Recipe 1-7. Handling Strings

This recipe discusses how to handle strings and deal with textual data. You can do all sorts of basic text
explorations using string operations.

Problem
You want to explore handling strings.

Solution
The simplest way is to use the following string functionality.
s.find(t) is an index of the first instance of string t inside s (–1 if not found)
s.rfind(t) is an index of the last instance of string t inside s (–1 if not found)
s.index(t) is like s.find(t) except it raises ValueError if not found
s.rindex(t) is like s.rfind(t) except it raises ValueError if not found
s.join(text) combines the words of the text into a string using s as the glue
s.split(t) splits s into a list wherever a t is found (whitespace by default)
s.splitlines() splits s into a list of strings, one per line
s.lower() is a lowercase version of the string s
s.upper() is an uppercase version of the string s
s.title() is a titlecased version of the string s
s.strip() is a copy of s without leading or trailing whitespace
s.replace(t, u) replaces instances of t with u inside s

How It Works
Now let’s look at a few of the examples.

Replacing Content
Create a string and replace the content. Creating strings is easy. It is done by enclosing the characters in
single or double quotes. And to replace, you can use the replace function.
1. Create a string.

String_v1 = "I am exploring NLP"

#To extract particular character or range of characters from string
print(String_v1[0])
#output
"I"
#To extract the word “exploring”
print(String_v1[5:14])
#output
exploring

2. Replace "exploring" with "learning" in the preceding string.

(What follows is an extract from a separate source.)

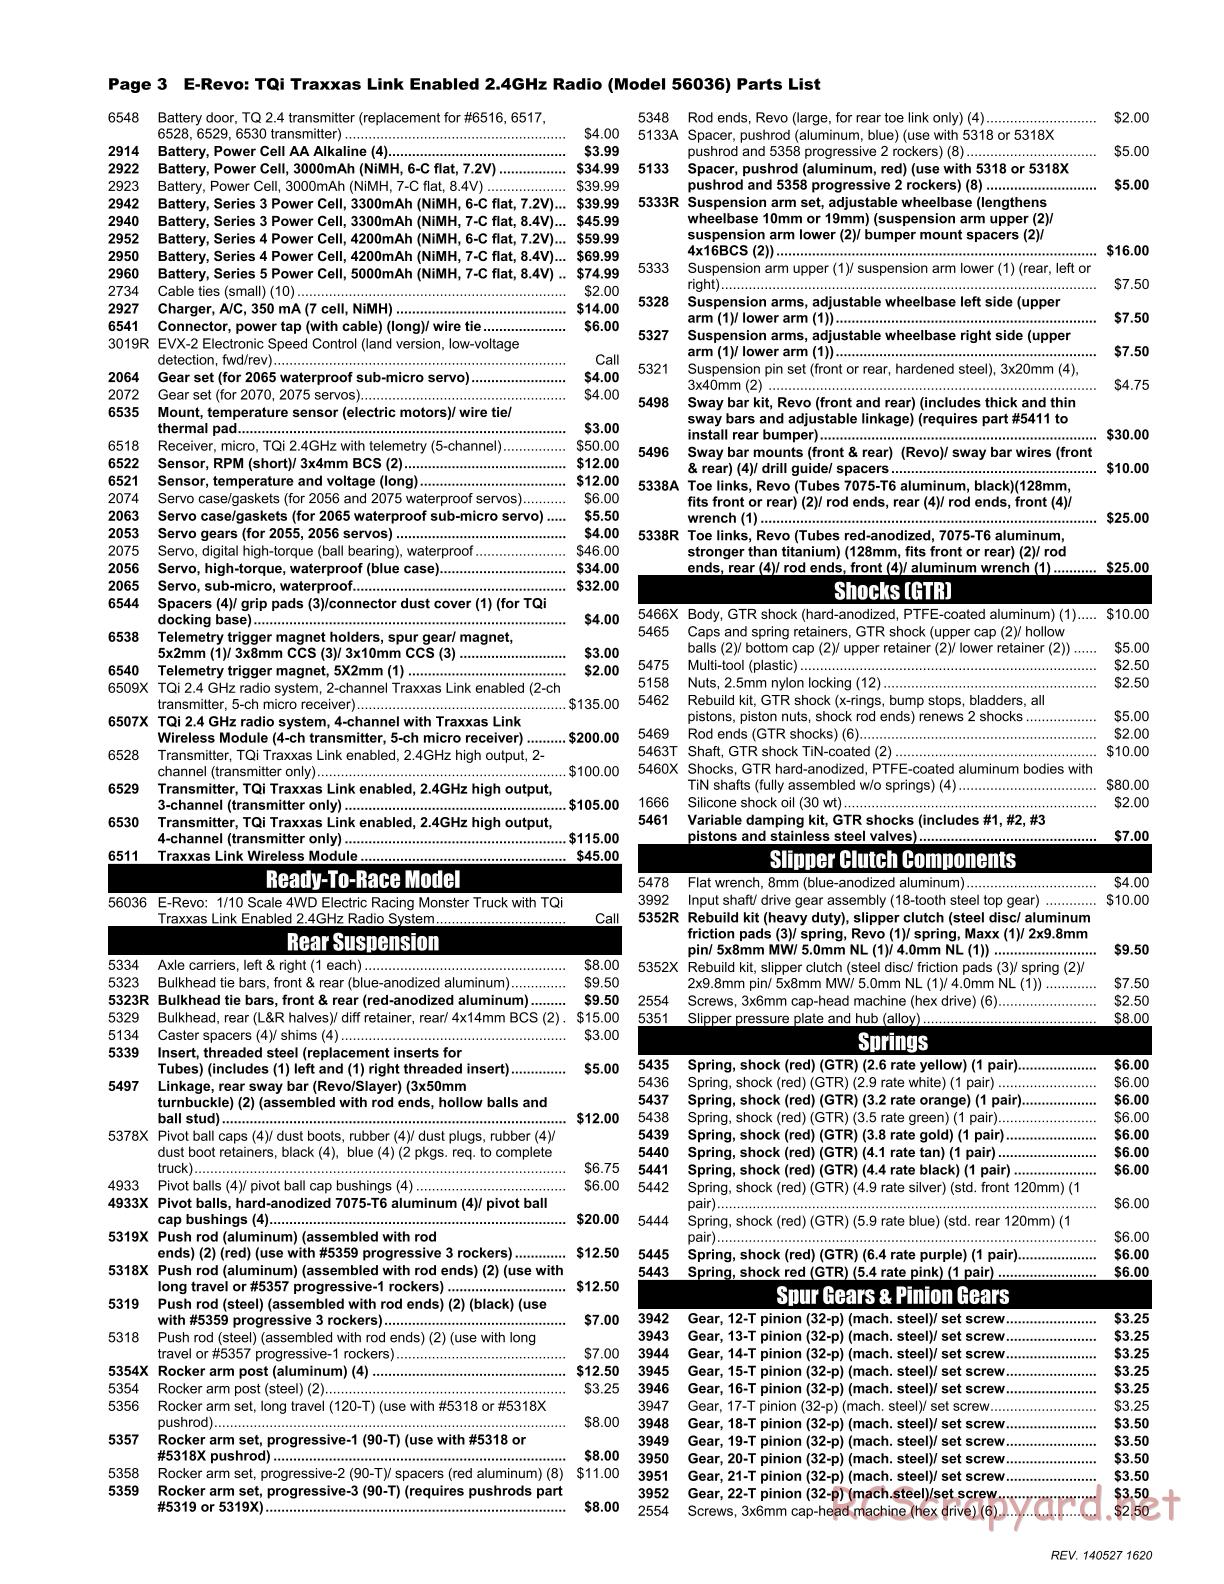 Traxxas - E-Revo (2014) - Parts List - Page 3

String_v2 = String_v1.replace("exploring", "learning")

print(String_v2)
#Output
I am learning NLP

Concatenating Two Strings

The following is simple code.

s1 = "nlp"
s2 = "machine learning"
s3 = s1+s2
print(s3)
#output
'nlpmachine learning'

Searching for a Substring in a String

Use the find function to fetch the starting index value of the substring in the whole string.

var="I am learning NLP"

f= "learn"
var.find(f)
#output
5

Recipe 1-8. Scraping Text from the Web

This recipe discusses how to scrape data from the web.

Caution Before scraping any websites, blogs, or ecommerce sites, please make sure you read the site’s
terms and conditions on whether it gives permissions for data scraping. Generally, robots.txt contains the
terms and conditions (e.g., see www.alixpartners.com/robots.txt) and a site map contains a
URL’s map (e.g., see www.alixpartners.com/sitemap.xml).

Web scraping is also known as web harvesting and web data extraction. It is a technique to extract a large
amount of data from websites and save it in a database or locally. You can use this data to extract
information related to your customers, users, or products for the business’s benefit.
A basic understanding of HTML is a prerequisite.

Problem
You want to extract data from the web by scraping. Let’s use IMDB.com as an example of scraping top
movies.

Solution
The simplest way to do this is by using Python’s Beautiful Soup or Scrapy libraries. Let’s use Beautiful Soup
in this recipe.

How It Works
Follow the steps in this section to extract data from the web.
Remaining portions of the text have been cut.